You may find “LinkedIn to buy Pulse Newsreader for More than $50 Million” interesting. If true, stakeholders in some large professional publishing companies may want to reconsider their holdings.

I think that the commercial business information publishers won’t pay much attention to this deal. Companies like Ebsco, Thomson Reuters, and Wolters Kluwer are trying to sustain their revenues while achieving growth. Thomson Reuters has faced some growth challenges. The other companies which compete with this venerable firm are in the same pickle in my opinion.

The reason is that LinkedIn is built of professionals who want to get jobs and sell work. Now hunting for a job may seem a far cry from searching an Ebsco database or consulting a Wolters Kluwer health database. I don’t think the gap is too big at all.

According to the write up:

LinkedIn will buy the maker of the newsreader app Pulse, according to sources familiar with the negotiations. The price of the acquisition is in the tens of millions, they said — between $50 million and $100 million.

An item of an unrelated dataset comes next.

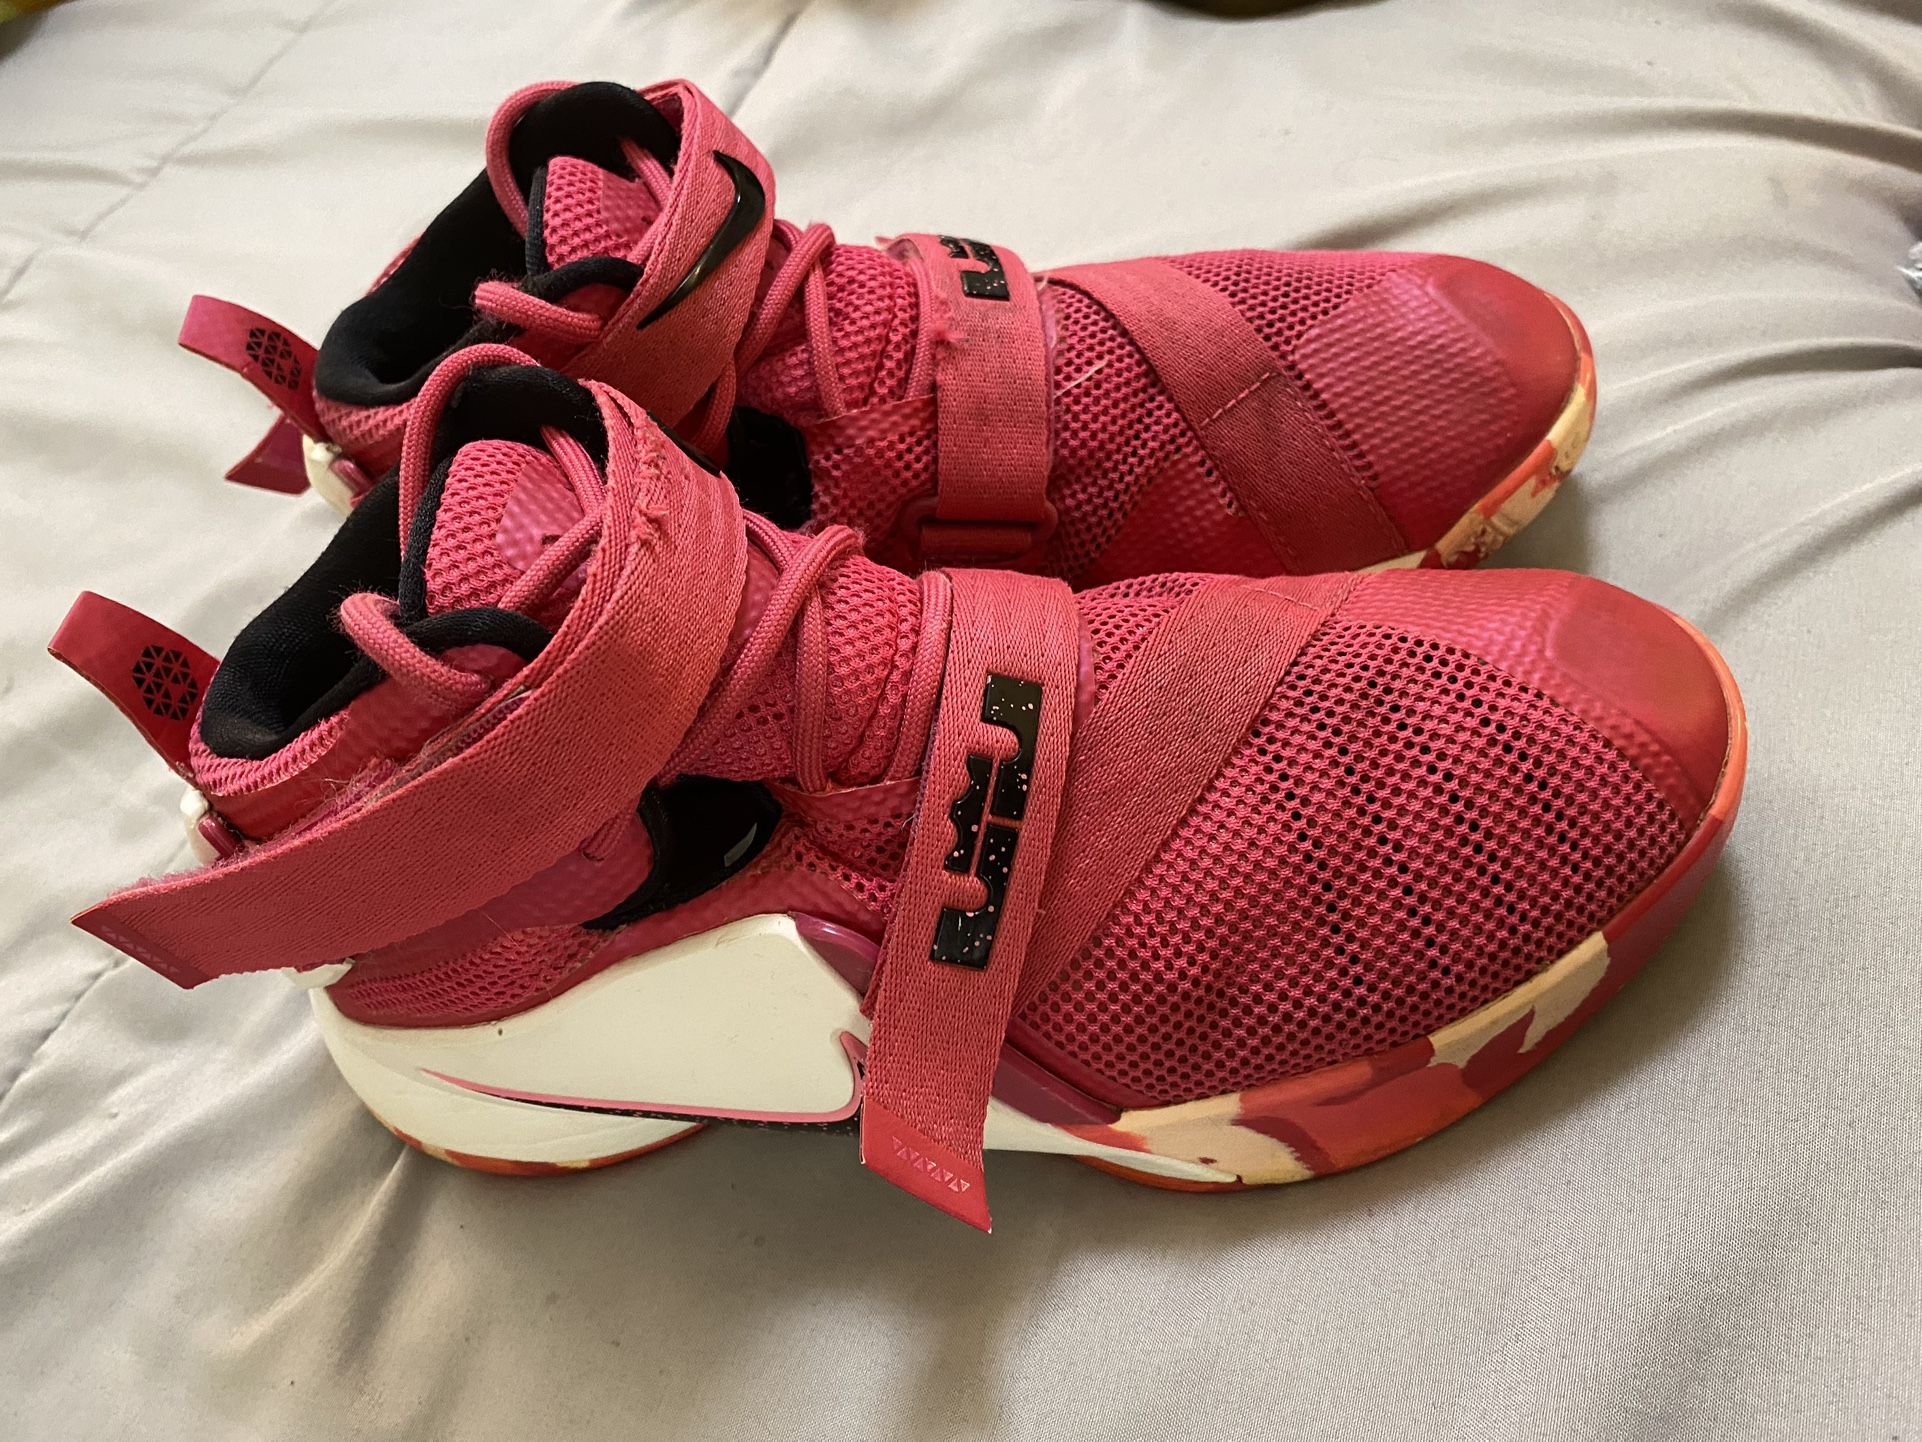 Nike Lebron Soldier IX “Think Pink” size 5y

The amount paid for Pulse is pocket change for the giants of business information publishing. But LinkedIn owns Slideshare, a collection of business information. Add that content to the base of people who want to make sure each can find a job or sell a consulting job, and you have a 21st century content system which is going to be of increasing importance.

With a nifty distribution channel like Pulse, which is a next generation magazine/journal platform, LinkedIn is in a position to start encroaching on the territory of the Thomsons, the Ebscos, and the Wolters Kluwers of the world.

LinkedIn is integrated professional publishing. Its customers and advertisers pay for value. Contrast that business model to “we have to buy this stuff” which characterizes some of the big professional publishing outfits.

What can these giants do to protect their markets? Is LinkedIn for sale? My hunch is that LinkedIn will put fragile professional publishing companies under more pressure. Why didn’t one of these giants of business information jump on the LinkedIn type of opportunity?

Perhaps none of the executives at these firms is thinking about finding a job or becoming a consultant? If the firms do not hit their financial goals, many of the senior executives at the business information and professional publishing powerhouses will have an opportunity to learn the value of LinkedIn first hand.